Sometimes what people say when they’re expressing a preference comes out as more disapproving of other choices than was perhaps intended. Other people then get ruffled feathers and respond a bit hastily and suddenly accusations and recriminations are flying. Relax people. It’s OK, we can all just be friends here, united in our enthusiasm for smaller living spaces regardless of where we fall on the interest spectrum.

Lana - June 8, 2014 Reply

I am obsessed with seeing these things. Whenever I see one on the road I try to imagine the inside being renovated into this perfect tiny house! Love it!

    Hollymaren - June 10, 2014 Reply

    I bought my ’72 27ft Airstream off of EBAY. We are in the process of figuring out how to fix it up and renovate it. Lots of work ahead, but there is the excitement too mixed in.
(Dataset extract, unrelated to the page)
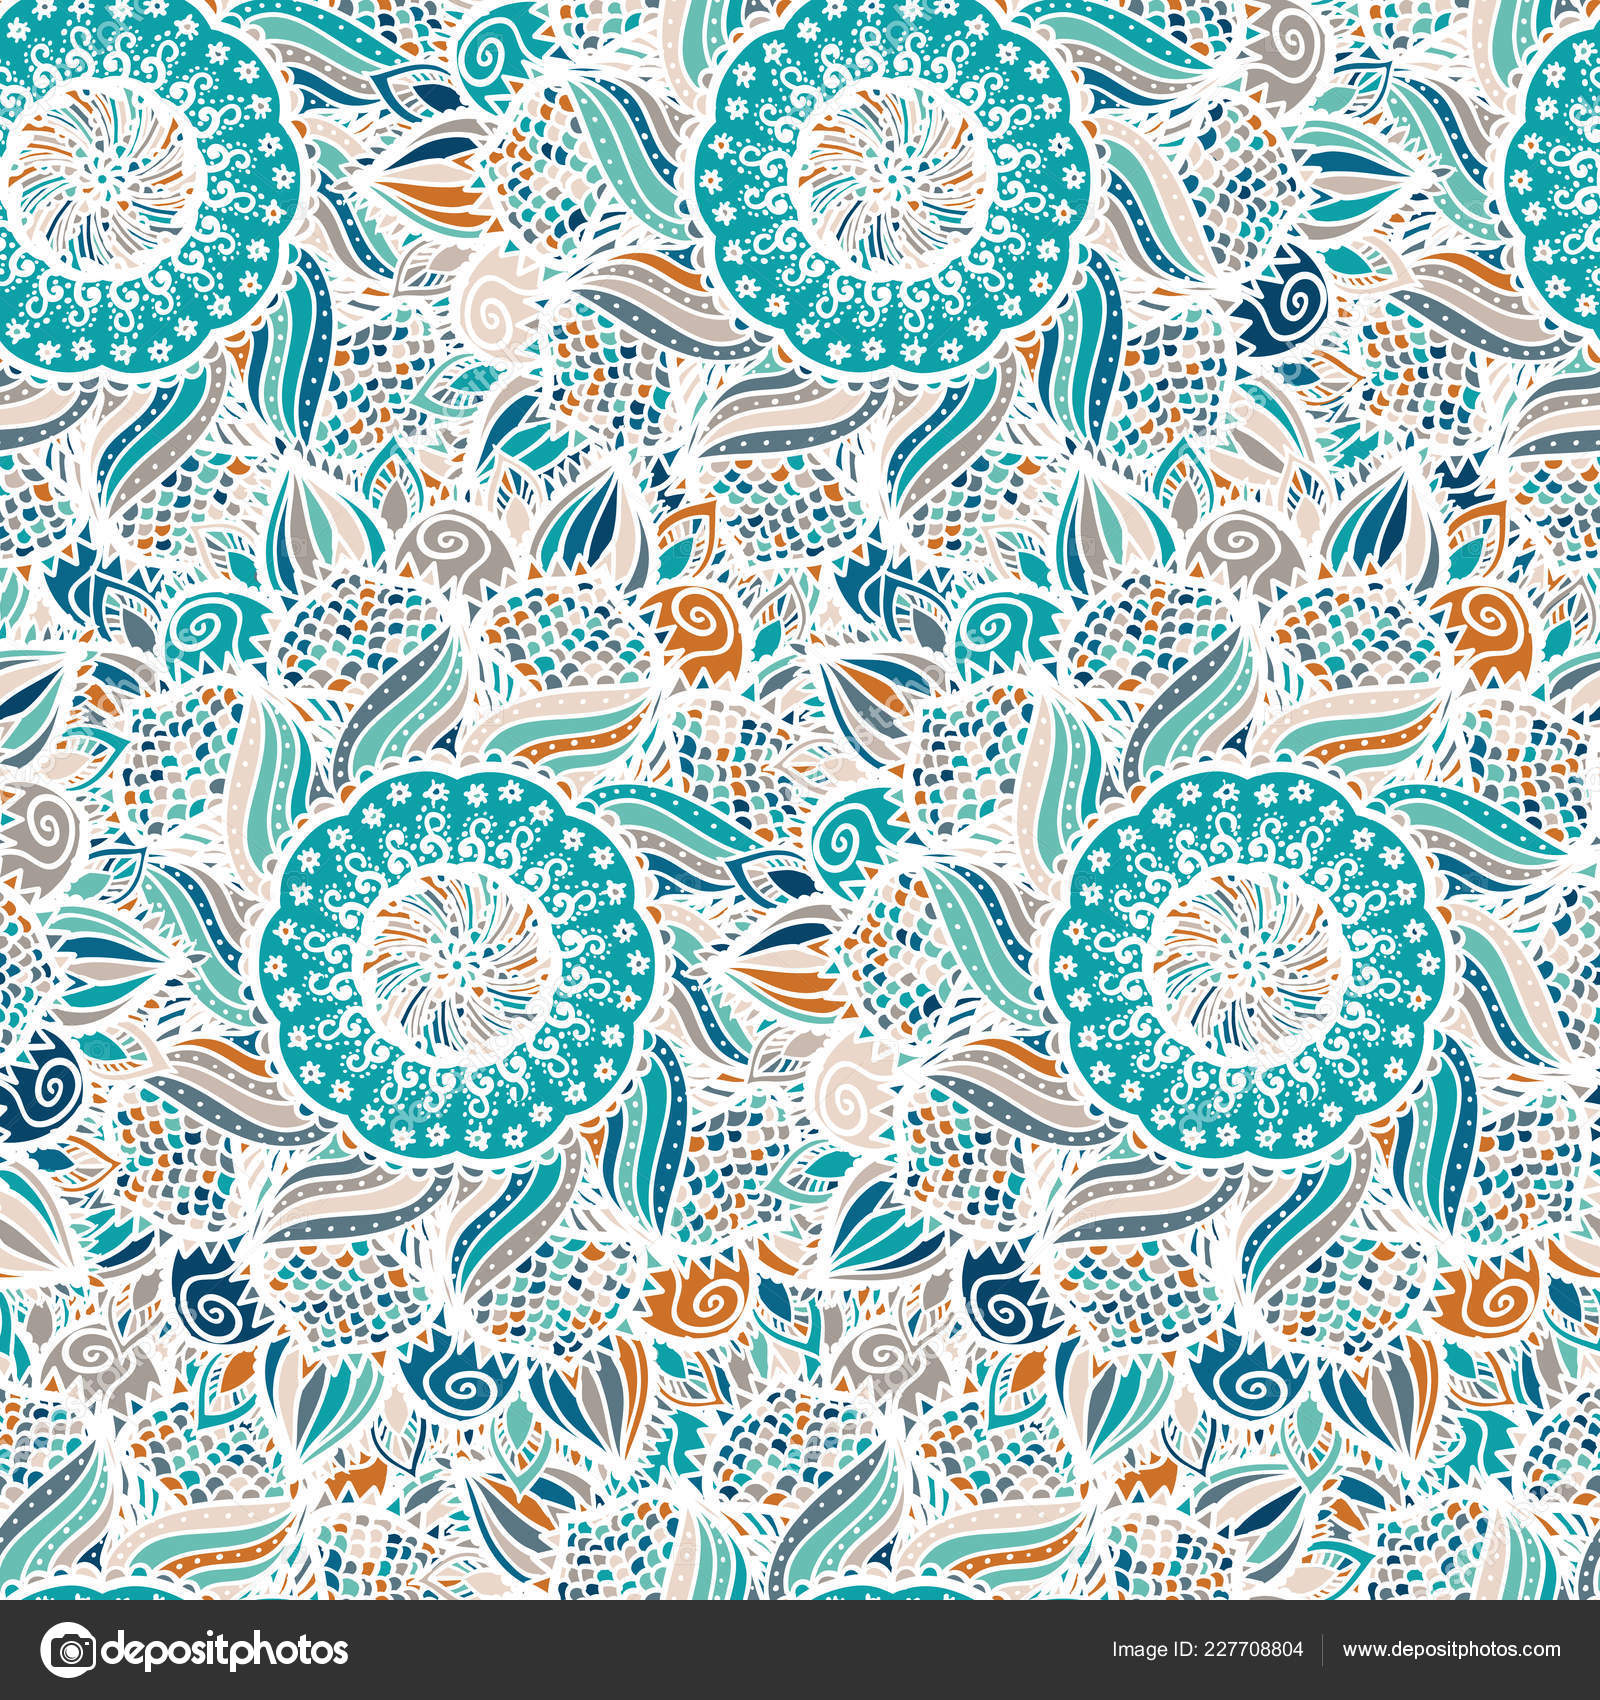 Patrón Abstracto Vector Floral Sin Fisuras Mandalas Coloridos Azul

Shazbot - June 8, 2014 Reply

I agree with those here who favor the Airstream’s interior layout. The trouble with many tiny homes in my opinion is that they are designed to be very spare inside. The space isn’t used very well, and they lack charm. I too hope that tiny home builders will start taking their cue from RVs. There’s a reason they’re so successful.

phil - June 9, 2014 Reply

Kent, how are these Airstreams insulated? I think most travel trailers are framed with something like 2×2 material or less. You get into the same problems with house boats. They are made for temporary living, not 365 living. I could see an Airstream being a primary residence if you could strip the inside and really insulate it well all the way around, maybe foam with 4×8 paneling on the inside. I really like the looks, but you have to be comfortable too.

david - June 10, 2014 Reply

Phil, those Airstreams would be fully insulated with the best materials.

Hollymaren - June 10, 2014 Reply

I can hardly wait to get my ’72 Airstream all polished up! We are gutting it and rearranging the inside. I have a passion for my trailer, just as other tiny home owners have for theirs. Shame on the snooty people who commented above.

    Hollymaren - June 10, 2014 Reply

    Another fact- Airstreams only make up 1% of the trailers on the road. This makes them sort of a conversation starter, unique, and not like every other trailer, tiny house, on the road. I feel like I own a part of history.

David Remus - June 10, 2014 Reply

A travel trailer IS a tiny home on wheels. I don’t see any reason to define it otherwise.

Jack - June 11, 2014 Reply

Wonder what BOB VILA would think of this Tiny Home concept, and how he could add to it?